**Data for analysis:**
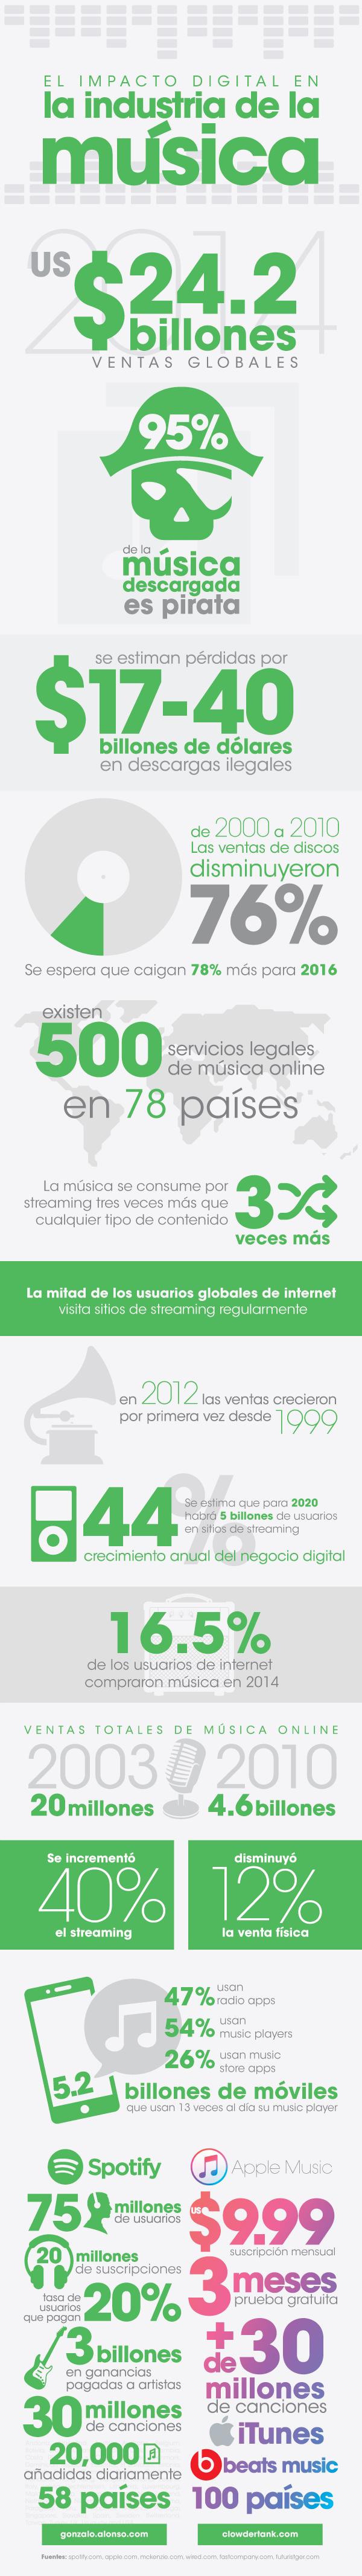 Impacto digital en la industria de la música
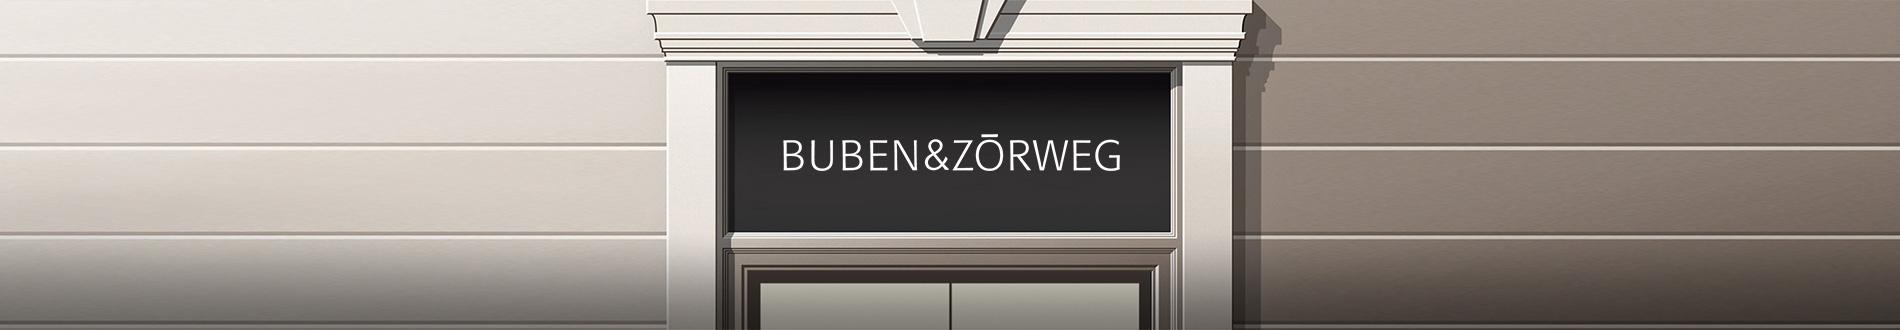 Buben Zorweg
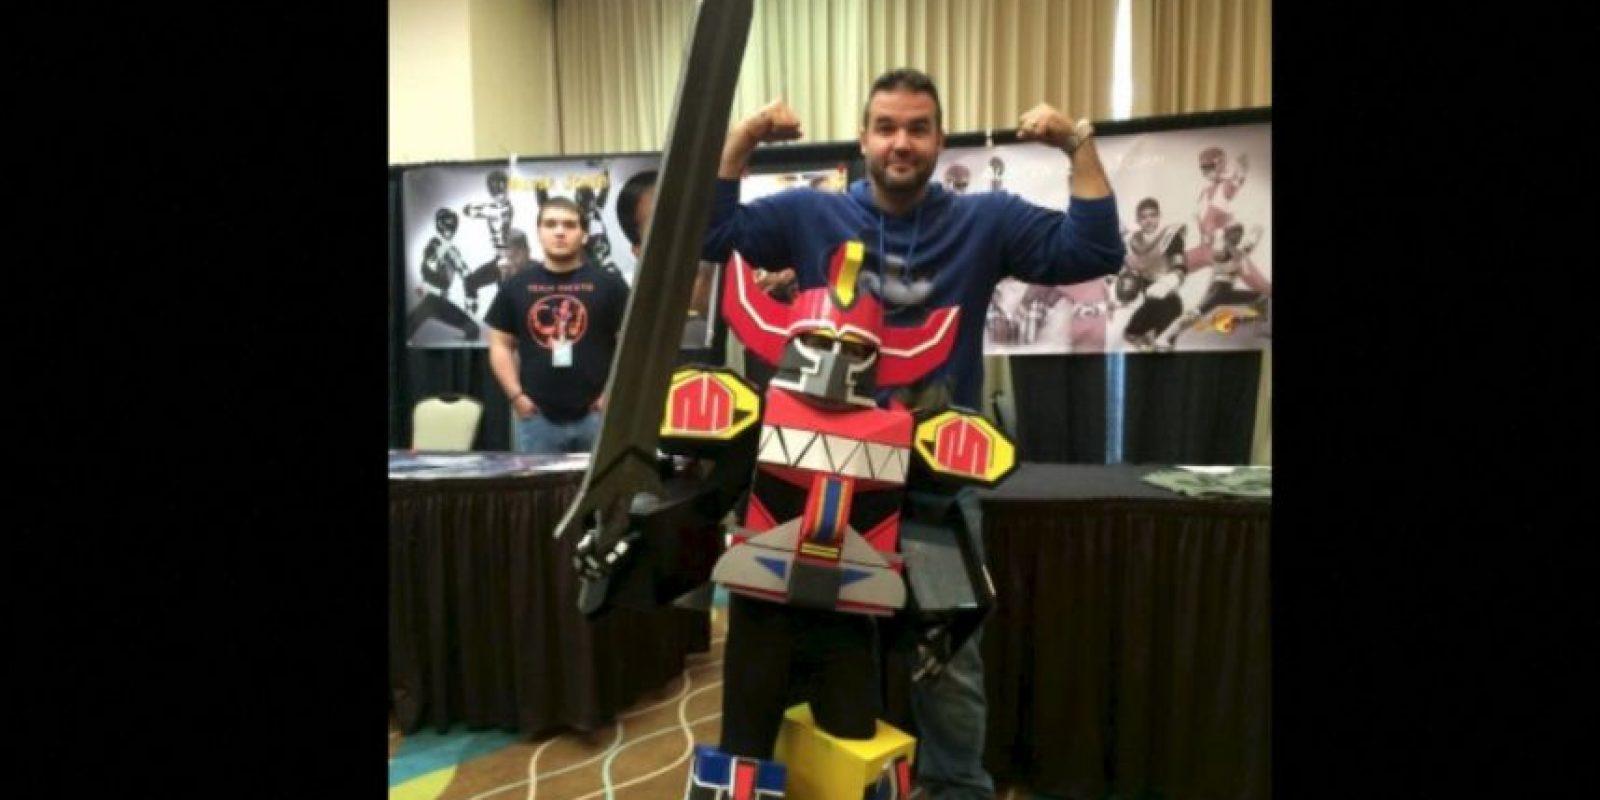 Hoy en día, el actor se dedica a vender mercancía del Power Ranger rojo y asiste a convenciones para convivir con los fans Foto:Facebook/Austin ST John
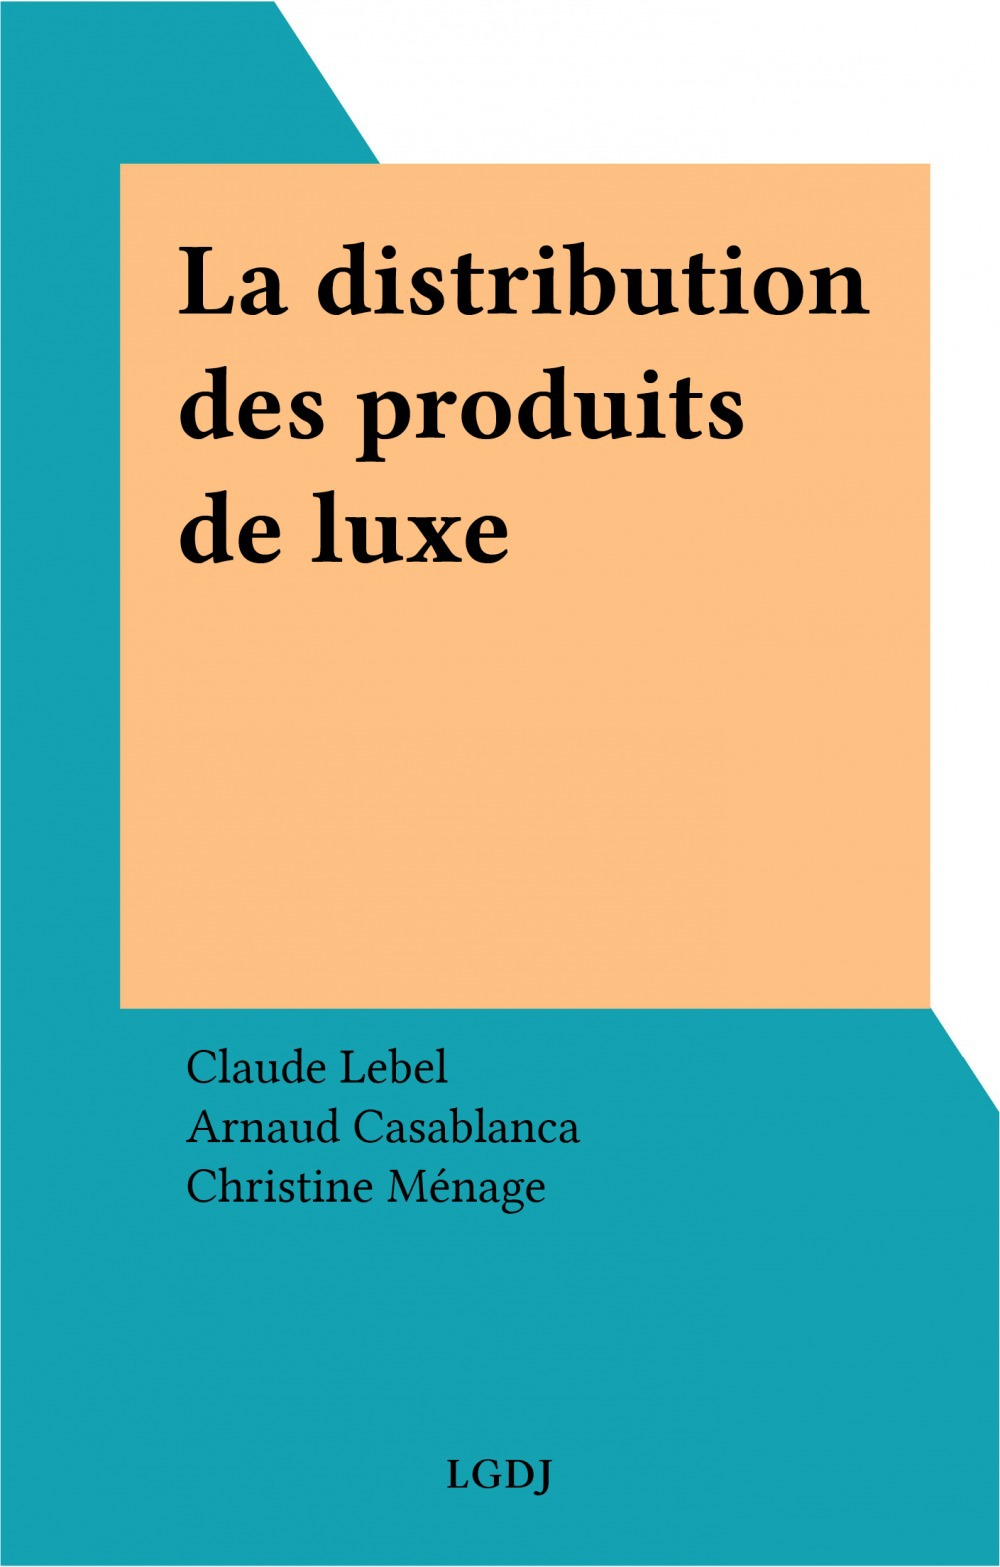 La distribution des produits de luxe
---
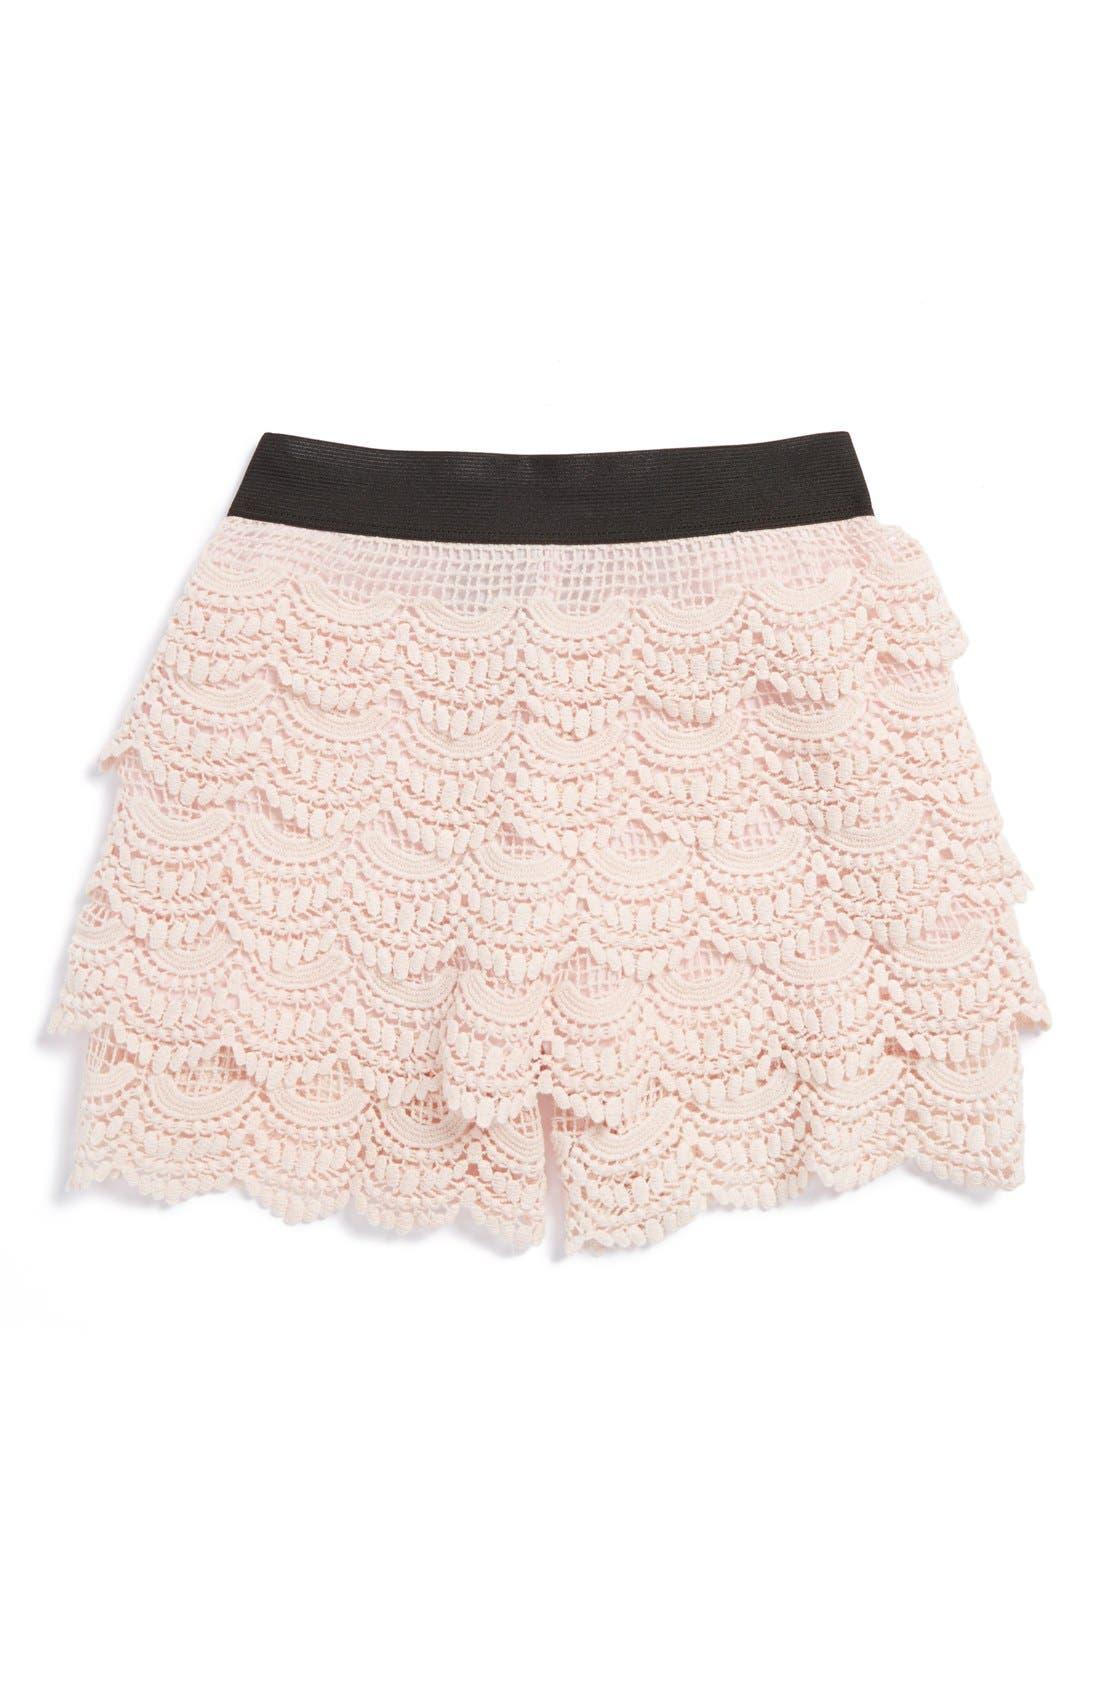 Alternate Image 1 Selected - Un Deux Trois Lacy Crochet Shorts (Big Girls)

**The task:** From the records above, output only the lines starting at the one containing "Hoy en día, el" and ending at the one containing "La distribution des produits de luxe", word for word. Pictures stay out.

**Answer space:**
 Hoy en día, el actor se dedica a vender mercancía del Power Ranger rojo y asiste a convenciones para convivir con los fans Foto:Facebook/Austin ST John
 La distribution des produits de luxe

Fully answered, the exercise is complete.